If you really are starting from scratch, then it is worth taking a look at some different locally agreed syllabi to get a feel for what a broad and balanced curriculum will look like. (Norfolk is a good place to start.)
I am fortunate (or unfortunate) enough to have a degree in theology and philosophy, and I began my teaching career as a secondary RE teacher.
A few years ago, I moved to the primary sector and have developed an RE curriculum for my school which we’re now going into our third year of teaching.
Religious education in primary schools
RE can, and should, be a powerful subject for our pupils to learn about. Done right, it can open up the world for our children, give them insights into cultures and systems of thought that are different from their own, and make them more curious and well-informed about the world around them.
So, what is it about RE that makes it powerful?
RE takes our students beyond their personal experiences – over the course of a year we can open pupils up to Hindu ideas about life and death, the pilgrimage of Hajj to Mecca, Christian debates about violence and war, and the story of the life of Buddha and what that means to millions of Buddhists today.
The immediate practical applications of this knowledge might seem a bit hazy, but they make the world a richer and more interesting place for children to exist in, by building up an intellectual worldview where different cultures and conflicting ideas sit alongside students’ own.
That is the power of RE.
How to plan a curriculum
1. Take a bird’s-eye view
The first thing you need to do, before anything else, is make a long-term plan.
If you’re the RE lead or curriculum lead, then you have the exciting prospect of doing this for the whole school, but if you’re a classroom teacher, then you need to know at least what you’ll be teaching all year.
Everyone will be in a different position here. If you’re working from an existing scheme or a locally agreed syllabus, then you will have units of work ready to go.
If you’re starting from scratch, then this is probably a more daunting prospect, but essential nonetheless.
2. Lay it out
Find the biggest table in your school and get a group of interested folks together to lay out your curriculum.
Write each unit on a note card, then add the five most important ideas in each unit, and then start to lay out your RE curriculum from EYFS all the way through to Year 6.
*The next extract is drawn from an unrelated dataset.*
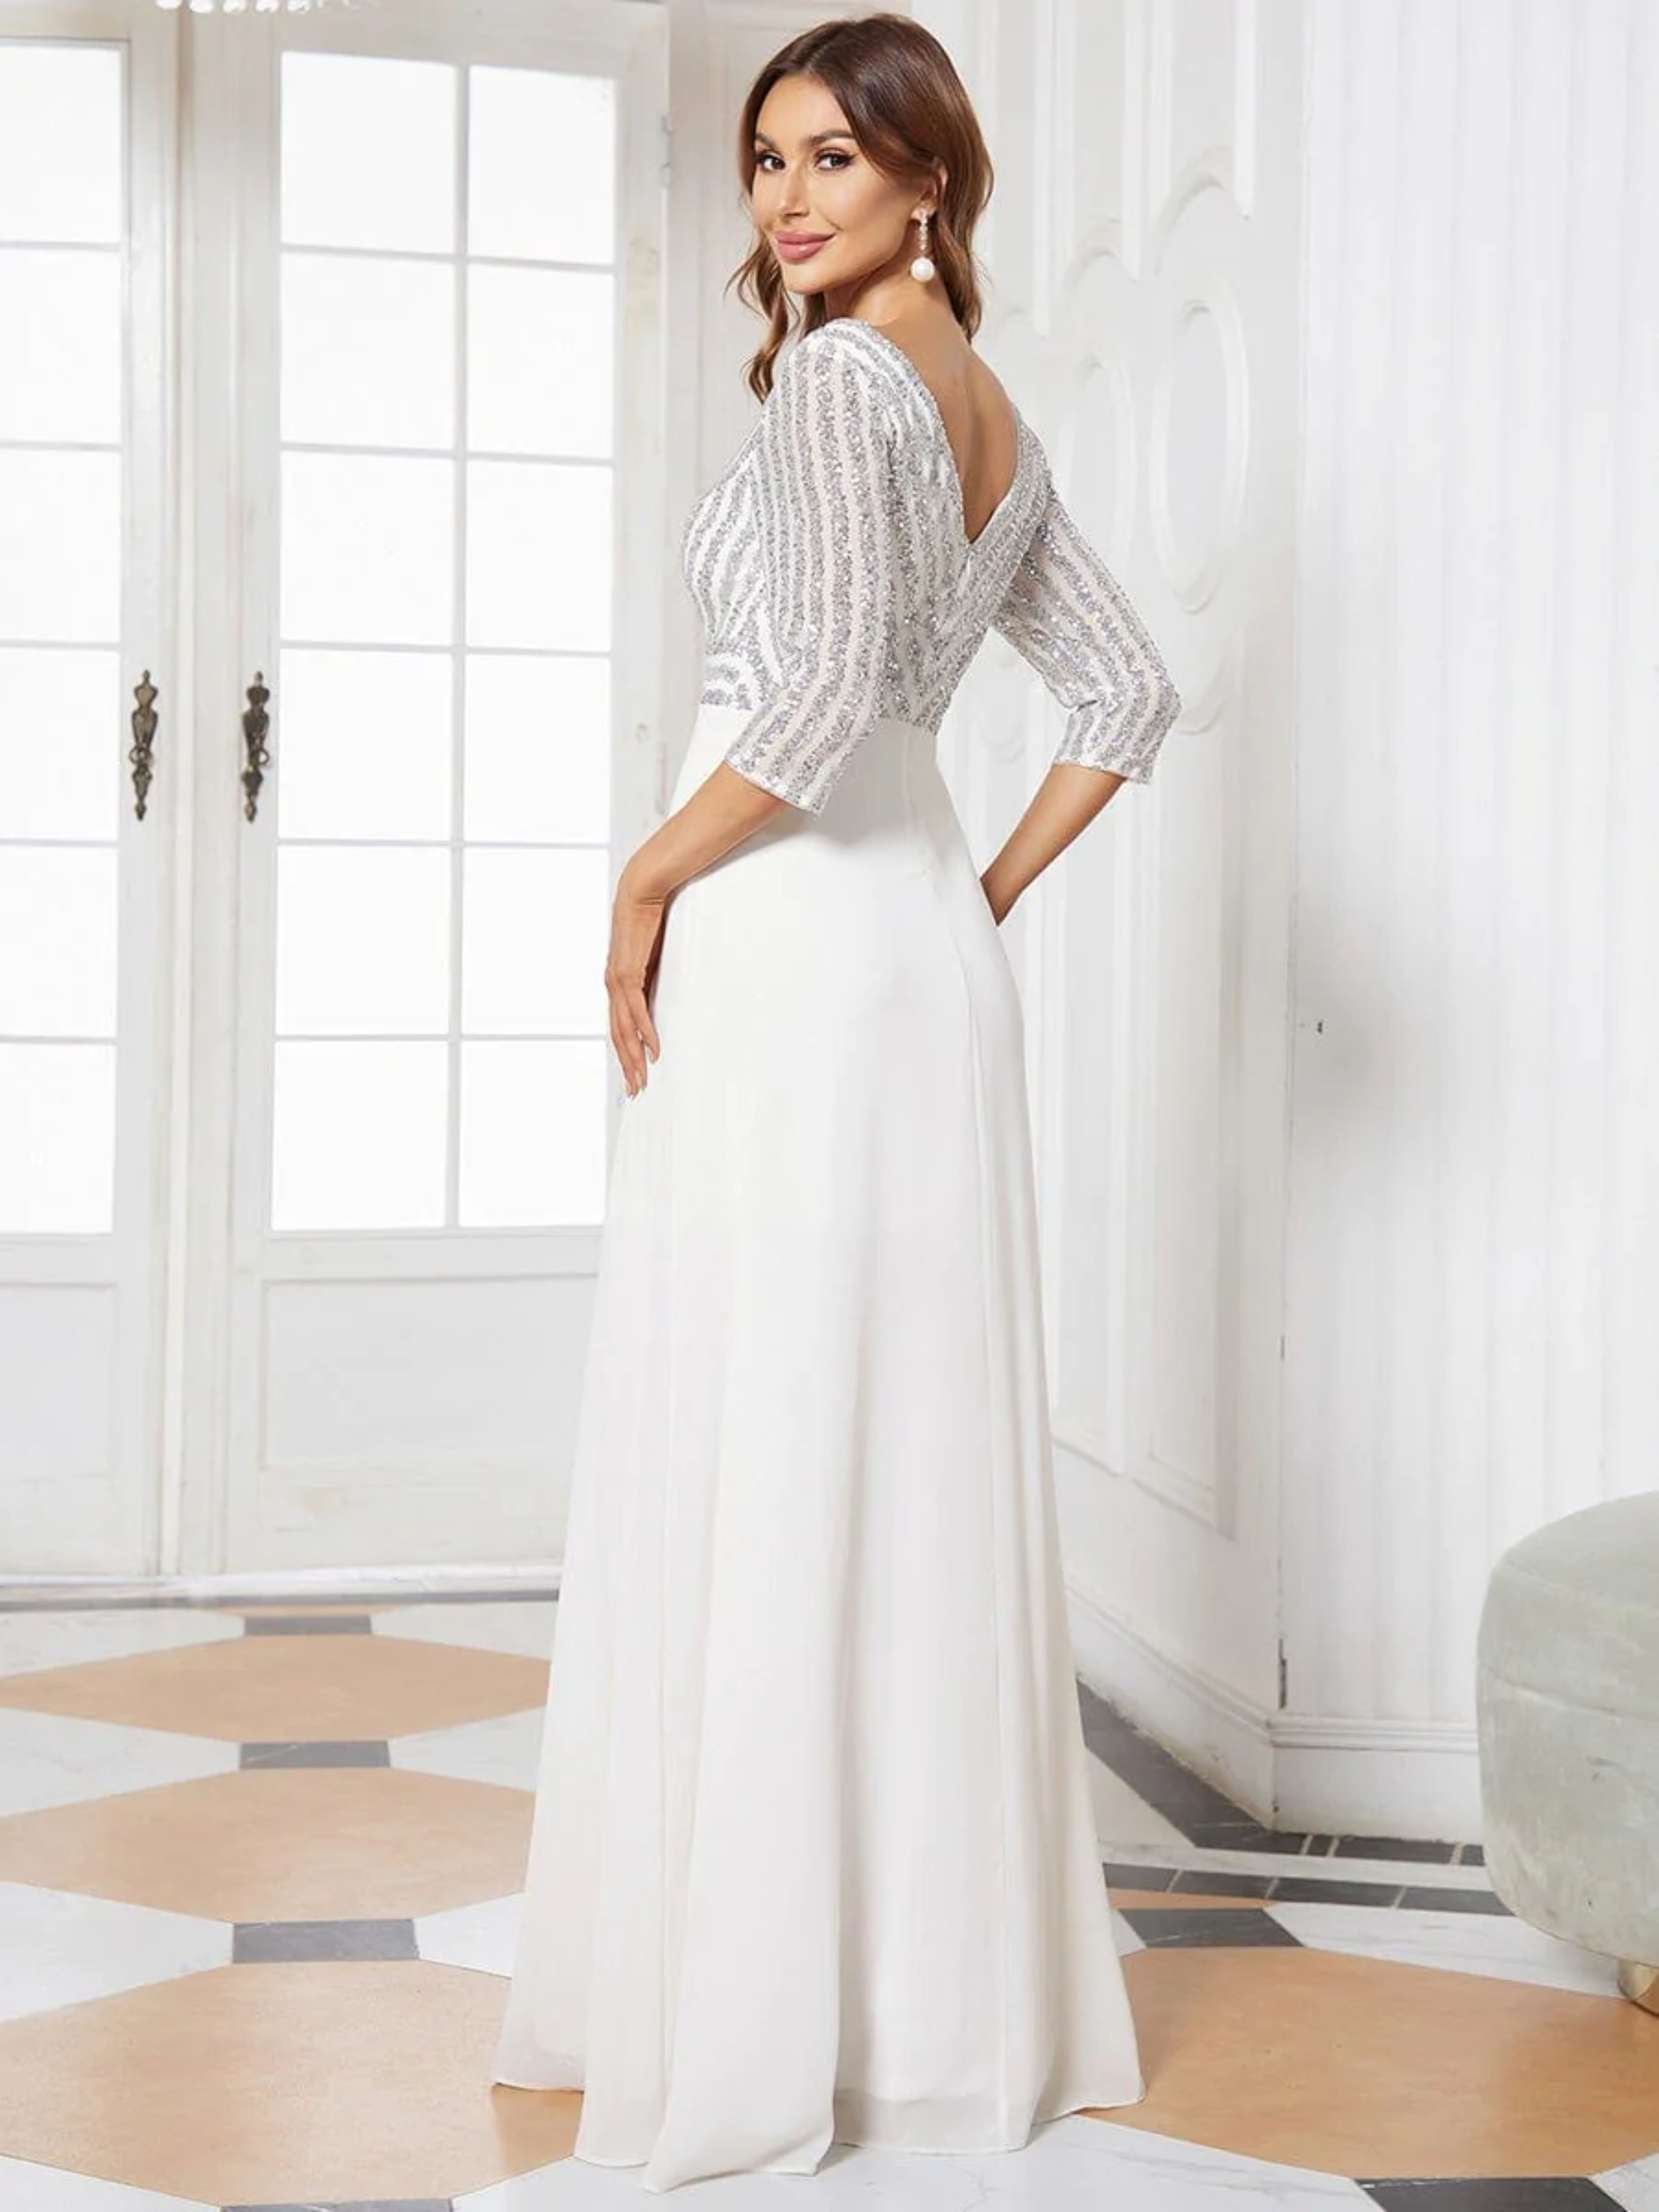 FEATURING A DOUBLE DEEP V NECKLINE, LONG SLEEVES AND A FLOWY A-LINE SKIRT.

By doing this, you can begin to see the lines that run through the subject. If we are going to teach Easter in Year 3, have we already introduced ideas like the Gospel, Jesus and sacrifice before that?
Shuffling the cards around will help you think about a sensible sequence for teaching.
3. Break it up
Now we need to take it from the planning table into the classroom. There are so many tools at your disposal to break up the big ideas in RE into interesting, digestible chunks, so here’s a few I’ve used in our curriculum:
- Storytelling – RE is full of stories that tell us something about religious beliefs and what we have in common across human cultures. We can read them, retell them, act them out, summarise them and ask questions about them.
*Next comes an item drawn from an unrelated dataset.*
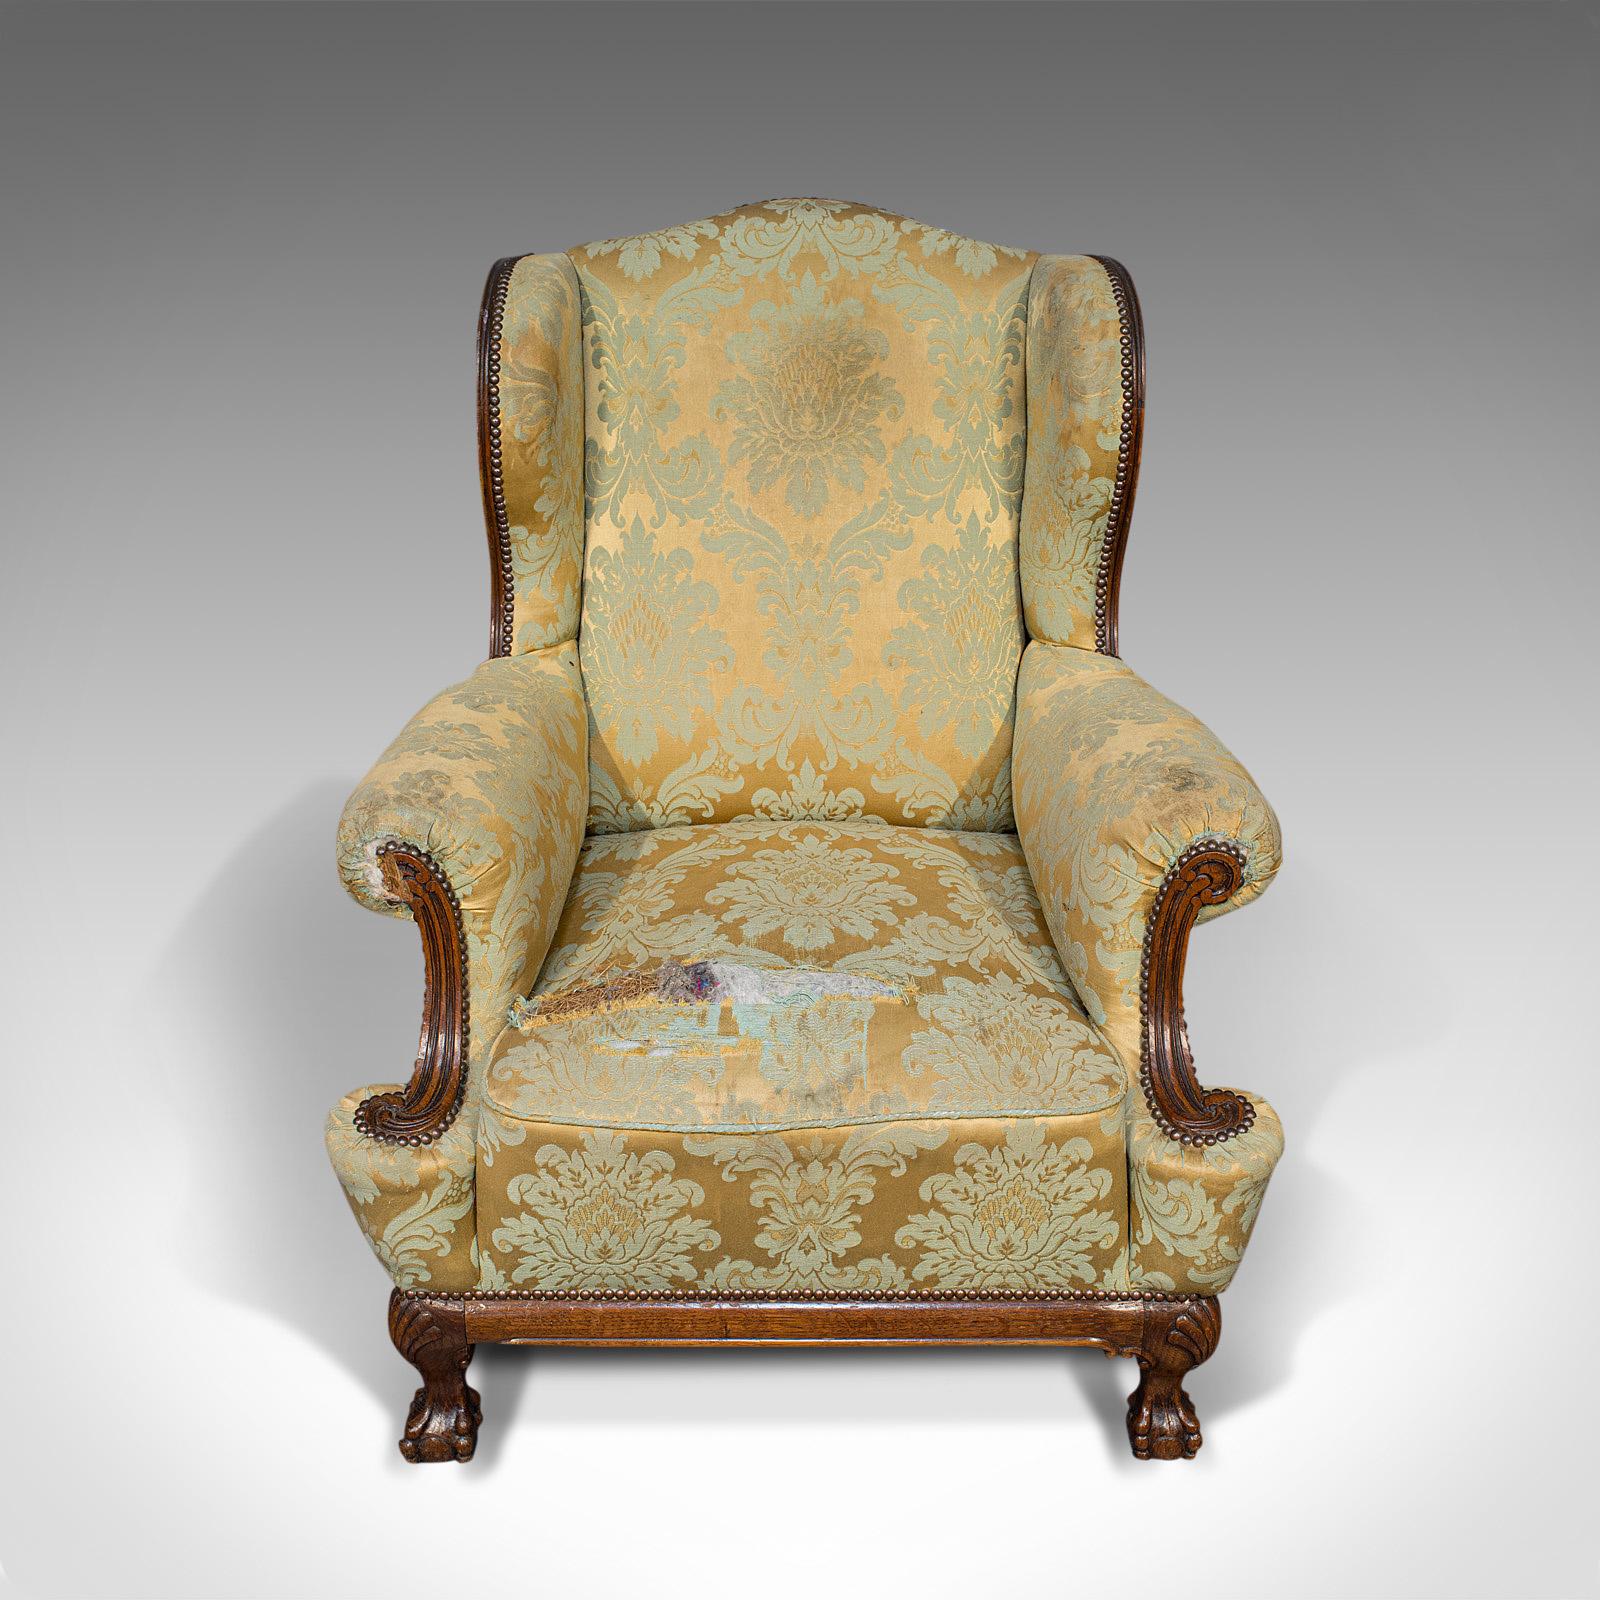 20th Century Antique Wing-Back Armchair, English, Fireside, Lounge, Seat, Edwardian, 1910

- Reading – be it whole-class guided, paired, echo, or individual reading, RE is a great chance to read and then discuss. It can sometimes be difficult finding accessible texts. I find it useful to rewrite magazine or newspaper articles, or to use Bible stories designed for Sunday school with a bit of an edit to remove their explicitly evangelical overtones.
- Debate – the big ideas in RE, of course, lend themselves to a bit of debate, but it’s worth doing properly. Lay the groundwork, ask what kind of knowledge students need to have before they can come to meaningful opinions on topics, and try to ask what real people in the world believe on these topics, rather than focusing only on what we as teachers may think.
- Writing – across all our foundation subjects, we emphasise the skill of extended writing. Starting in Year 3 we have heavily scaffolded the process of writing paragraphs at the end of each unit. Over the course of KS2, we remove a lot of that scaffolding which means our Year 6s can plan and write some very impressive mini-essays that reflect their engagement with the knowledge they come across in RE.
4. Stick to a format
When it comes to actually doing the planning, it is worth deciding early on what you think will work for your context.
You need to answer some basic questions: how much space will RE have in the timetable? How are you going to assess it? And how do you think lessons will flow?
For the scheme I wrote, we followed other foundation subjects in using booklets and PowerPoints to scaffold lessons.
Teachers have all the key knowledge and examples there in the presentation, and students use the booklet to answer questions and recap knowledge.
In KS1 we began using booklets but found that they didn’t add a huge amount to the lessons, and so now we mostly stick to storytelling, discussion and teacher-led reading.
Deciding on a common format for your planning will mean you get into a good rhythm, where one unit builds on the format and the successes of the last one.
5. Get everyone on board
Take everyone with you when it comes to RE. When you start the planning process, try to find a group of teachers who want to be involved in laying the groundwork.
From there you can spread that enthusiasm outwards through to everyone who will be teaching the subject.
CPD is obviously a great place to start, but it can sometimes give the impression that things are being imposed from on high.
Honest discussion with colleagues, no-stakes coaching, listening and acting on feedback are how to get everyone on board.
Subject knowledge is often a big stumbling block to teachers feeling confident in RE, so do the hard work for them: include extra background knowledge in the planning and make suggestions for some short reading – Very Short Introductions from OUP, and Karen Armstrong’s books on religion are good starting points.